# Question about Floyd Rose 1500 series (Schecter 2015)



## Sentient6505

Hello there, Just recently joined this forum so I figured why not ask on here! im sure someone knows.

Does anyone know about the floyd rose 1500 series or have experience with them? Im considering purchasing a Schecter Banshee Elite as part of their 2015 lineup of guitars which feature a floyd rose 1500 series. All i know so far from research is that they are stainless steel and exclusive to schecter at this time. That said, i dont know if they are "better" than the floyd 1000 series and since my local music store doesnt have these in stock, theres no way for me to actually try one.


----------



## Shask

Sentient6505 said:


> Hello there, Just recently joined this forum so I figured why not ask on here! im sure someone knows.
> 
> Does anyone know about the floyd rose 1500 series or have experience with them? Im considering purchasing a Schecter Banshee Elite as part of their 2015 lineup of guitars which feature a floyd rose 1500 series. All i know so far from research is that they are stainless steel and exclusive to schecter at this time. That said, i dont know if they are "better" than the floyd 1000 series and since my local music store doesnt have these in stock, theres no way for me to actually try one.
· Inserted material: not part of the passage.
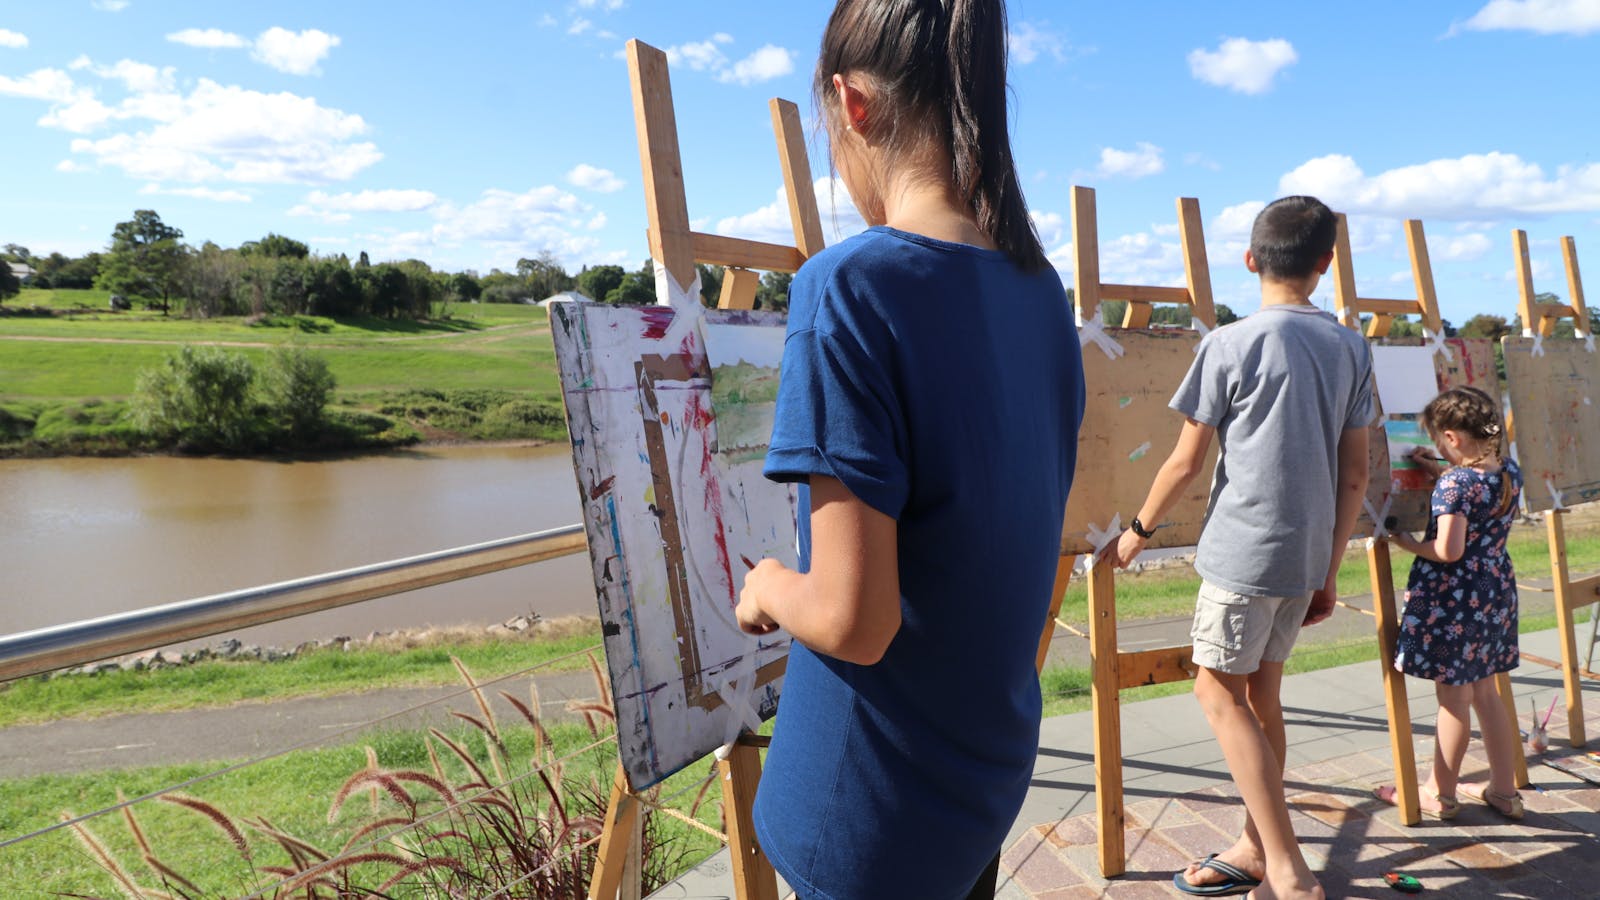 Free Art by The River

I dont think anyone has reviewed these guitars yet, so we probably only know as much as you do from watching the Schecter NAMM 2015 video about the Banshee Elite where they talk about the differences.


----------



## Zado

It's supposed to be better on the paper,but no idea yet really


----------



## Sentient6505

Guess it wouldn't hurt to wait for some reviews before making a decision on one of these. 

But still, thanks for the responses. I emailed Schecter with a general inquiry about the bridge. If they get back to me with some good info I may post it so others who are curious can read about them.


----------



## MaxOfMetal

Probably just another import variant, Floyd seems to be pumping them out.

Most likely a Korean made unit built to some of the German specs, that's what FR is mostly doing these days.


----------



## 7stg

Carvin also uses the 1000 series for their 7 strings because they have a more narrow string spacing.

He talks about it towards the end of this video.


----------



## Alex Kenivel

It's like a bunch of people standing around a murky lake with their trunks on, looking at each other, waiting for someone else to jump in and see what happens..


----------



## Sentient6505

He he yeah, no chancing it. After the disappointment I've had with licensed floyds and ibanez trems over the years I don't want to get bitten again.

Hopefully these 1500 series Floyd's can be easily swapped with OFRs should I want to do that down the road.


----------



## Shask

Sentient6505 said:


> He he yeah, no chancing it. After the disappointment I've had with licensed floyds and ibanez trems over the years I don't want to get bitten again.
> 
> Hopefully these 1500 series Floyd's can be easily swapped with OFRs should I want to do that down the road.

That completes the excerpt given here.